OK, now the tube will have a 12mm OD on one end that will fit into the compression fitting of the check valve and the other end will screw into the 1/4 NPT port fitting. The reason for a compression fitting is so you can assemble the whole thing with the tube inside the check valve and screw in the 1/4NPT into the port fitting. Wherever it screws to, it will leave some tube inside the check valve and you tighten the compression fitting at that point. After that, I plan on reusing the hoses, which have the banjo fittings and bolts. But they are the 13mm ones. They also have a 90° metric JIC on the other end to fit the valve spool, so I'm not going to try to chase that down too.

Now for the last fitting. The outlet and inlet on the DPOCV is 3/8NPT of all things! So I got a 3/8NPT bushing to thread into the check valve and will drill and tap the inside of it to 13mm x 1.5. Then I can bolt the old hoses on with the old 13mm banjo bolts and be done with it.
This how I'd like to have the check valve sit on the cylinder.



This adds another dimension to my "no-brainer" project.
 
/ Backhoe Feet
  • Thread Starter
#15  
Well, I got the 13mm tap and die ... set me back a cool 68 bucks for nothing. I drilled and tapped a practice hole to see if the banjo bolt goes in ... no dice. So they are not 13mm after all.:mad: Now I think they are British straight (parallel) thread. Crap.

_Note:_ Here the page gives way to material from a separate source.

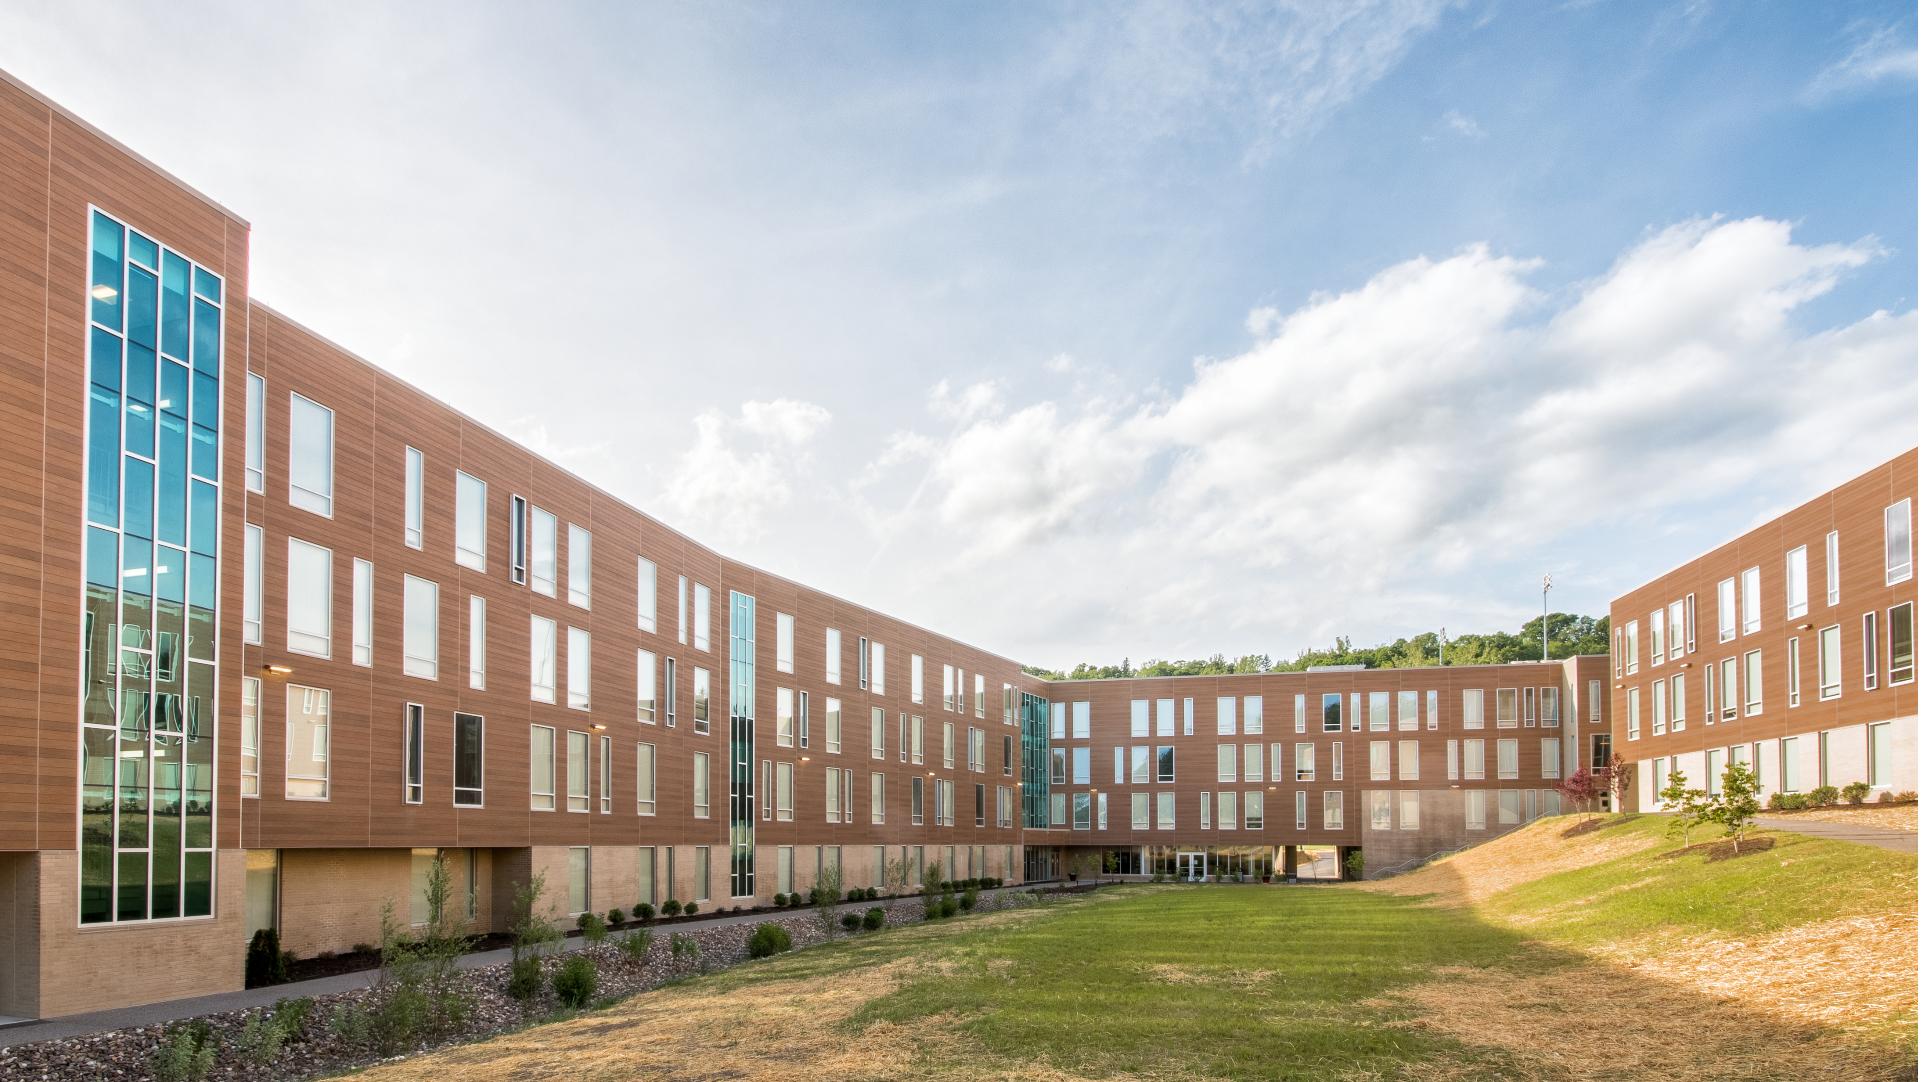 University Terrace Fairmont State University Kalkreuth

I'll order some adapters from Discount hydraulics and get several different kinds until one fits.
 
/ Backhoe Feet #16  
I was just wondering why you didn't remake the whole part instead of welding in short pieces? Seems like cutting out the shape and drilling the whole would have been about as easy and almost as pretty, and a little stronger.
David from jax
 
/ Backhoe Feet #17  
Rob,
Did you get a deal on that red paint? I enjoy reading and watching your customizations. Gives me lots of ideas.
 
/ Backhoe Feet
  • Thread Starter
#18  
sandman2234 said:
I was just wondering why you didn't remake the whole part instead of welding in short pieces? Seems like cutting out the shape and drilling the whole would have been about as easy and almost as pretty, and a little stronger.
David from jax
David,
I used a 3/4" x 3" bar I had in the garage. It seemed like the right thing to do at the time.:)
 
/ Backhoe Feet
  • Thread Starter
#19  
dtd24 said:
Rob,
Did you get a deal on that red paint? I enjoy reading and watching your customizations. Gives me lots of ideas.
Thanks,
I guess some mods I have done are pretty cool and others ... well ... :confused:
Yeah, red paint is cheap at Home Depot.:) And it matches my tractor. Now I've got to paint the backhoe and fel red too.
 
/ Backhoe Feet
  • Thread Starter
#20  
Here's an update. I started trying to make the hydraulic tube that goes from the cylinder ports to the DPOCV. This required making an NPT thread on on side and a Ø.480 on the other to fit inside the metric compression ring. I used 303SS hex stock, turned one side and used a 1/4NPT die to put the threads on. Then flipped it around to turn and drill through.







This is how they turned out.
I left the hex for a wrench so I wouldn't need to use a pipe wrench and scuff up the tube.